SHIVANI SINGH
This World Environment Day on June 5, the North and East Delhi Municipal Corporations launched a waste segregation drive as a pilot project in 10 neighbourhoods. In a city choking with garbage, this tiny step could lead to big gains in the future.
The pilot project requires residents to split biodegradable and non-biodegradable waste into green and blue bins. The municipality-appointed waste-pickers will collect this trash in customised tippers. The kitchen waste will go into compost plants and recyclables to recyclers. If all goes as planned, there will be hardly any rubbish left to be taken to the overflowing dump sites.
All this is easier said than done. Segregation is the first step in waste management. It is also the most difficult to enforce.
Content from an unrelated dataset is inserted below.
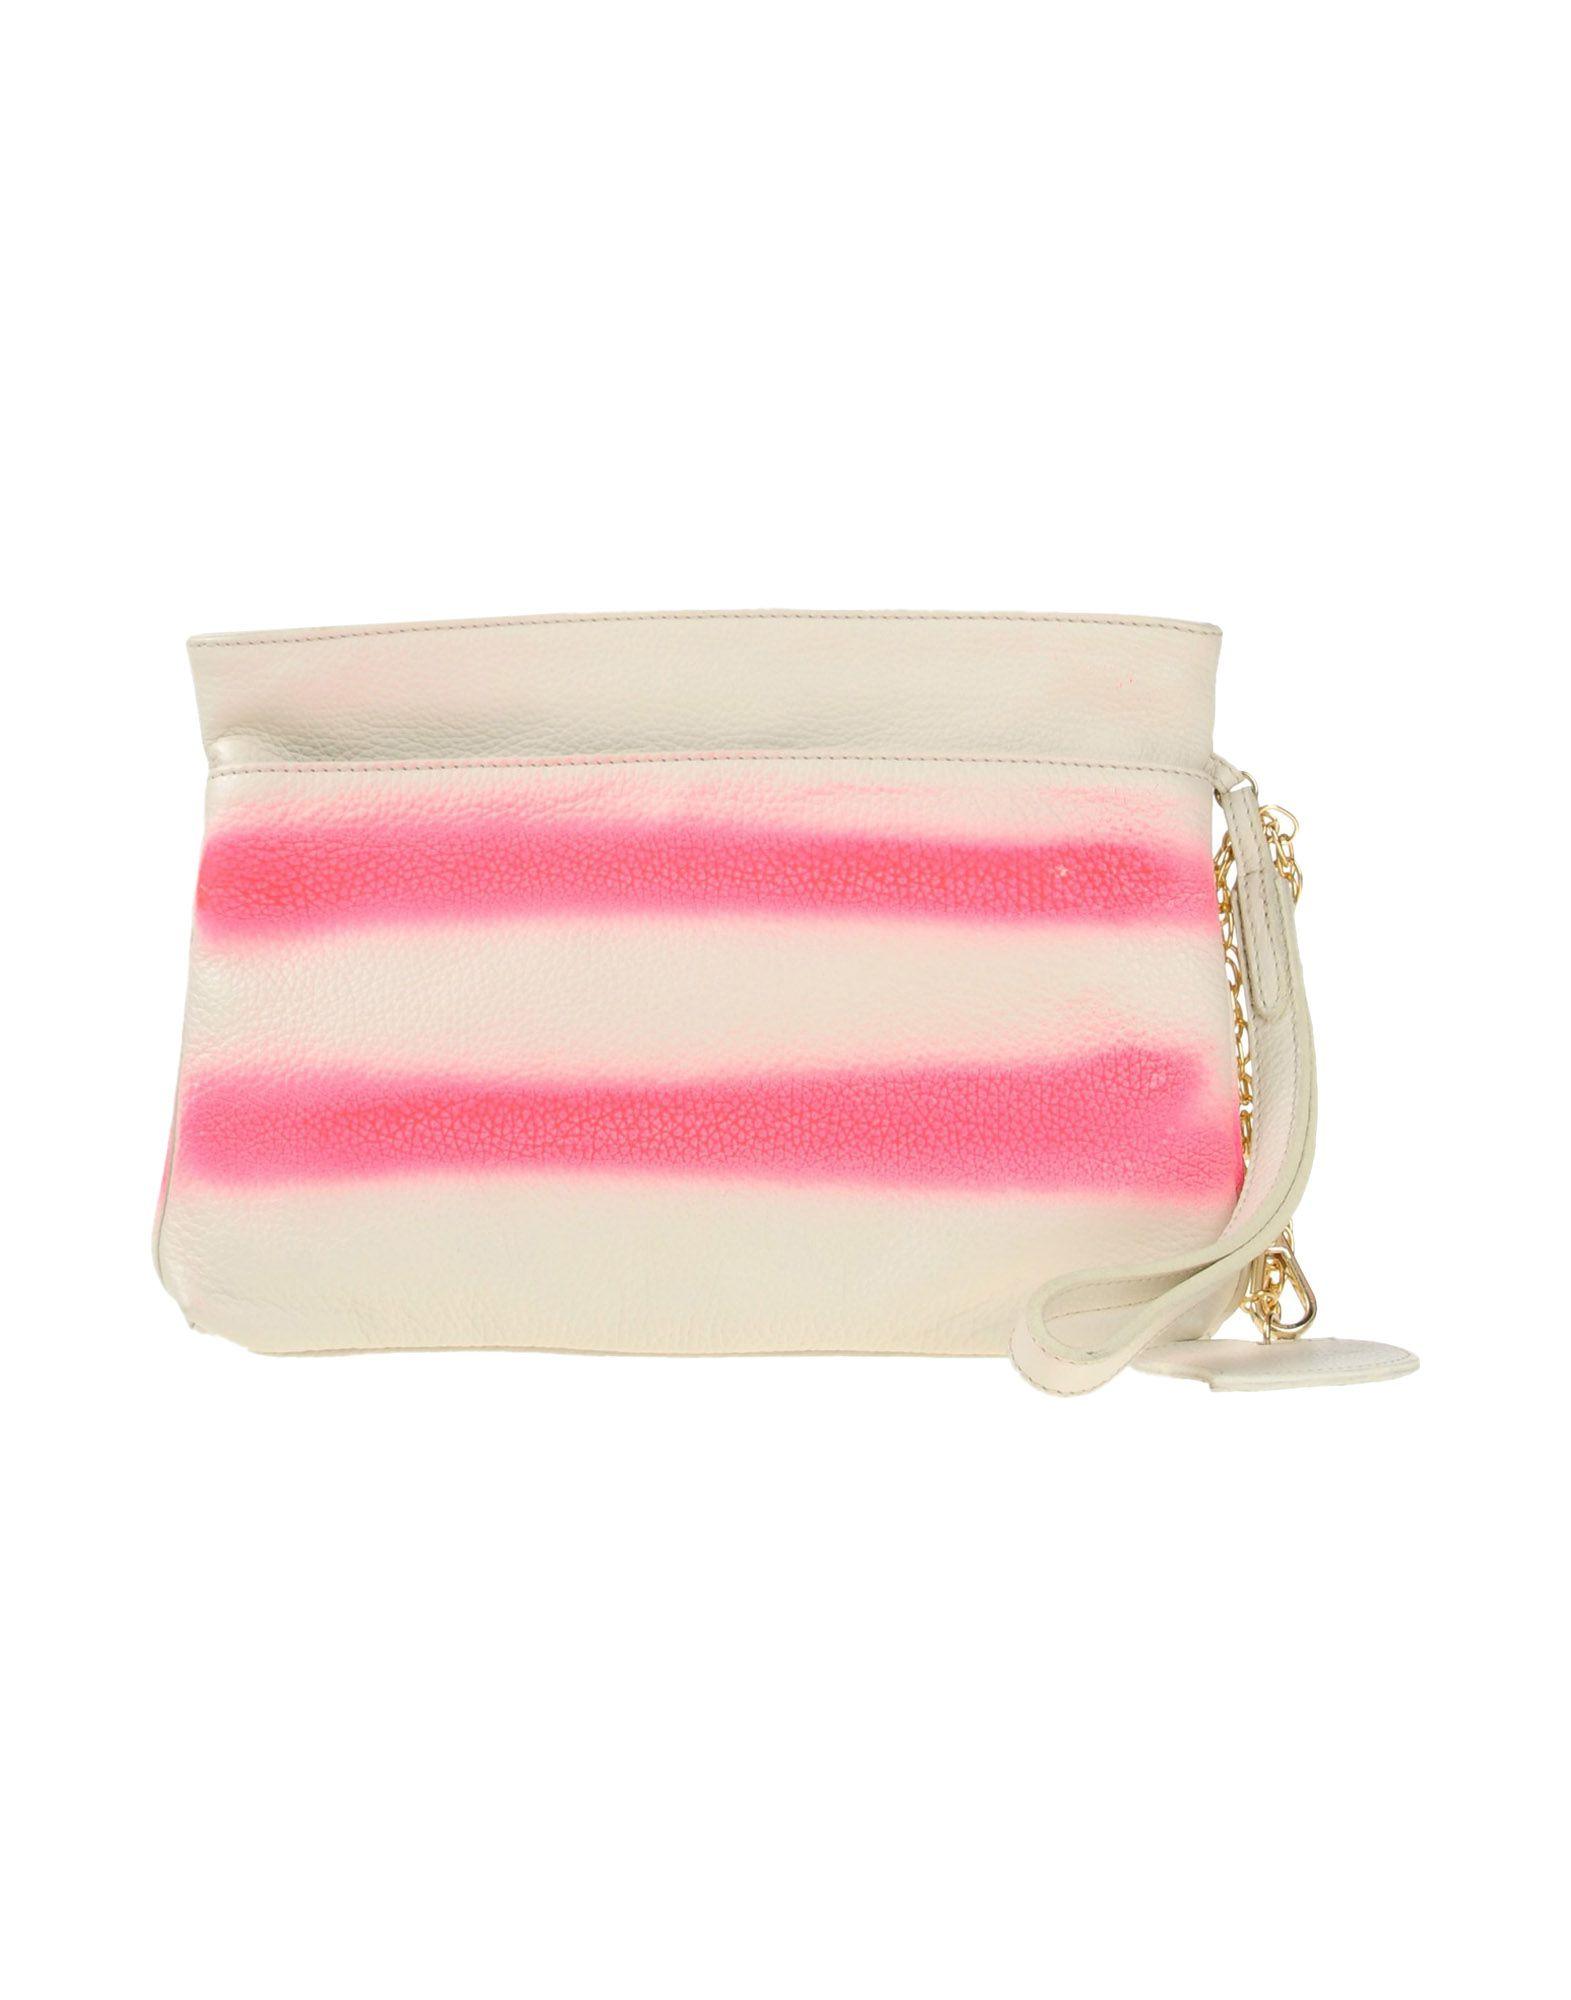 "BECATÃ"" Handbags"

The efforts of the entire neighbourhood can go waste if one household fails to put its plastic bags, glass bottles and tins in the blue bin or if the garbage-collector mixes the two types.
Many cities have tried waste segregation by enforcing penalties. In the developed world, households pay by volume for the garbage they discard under ‘pay as you throw’ (PAYT). Every fourth American, the Economist reported, lives in a PAYT community. The US Environmental Protection Agency estimates that they reduce the volume of rubbish by 14-27% and increase recycling by 32-59%.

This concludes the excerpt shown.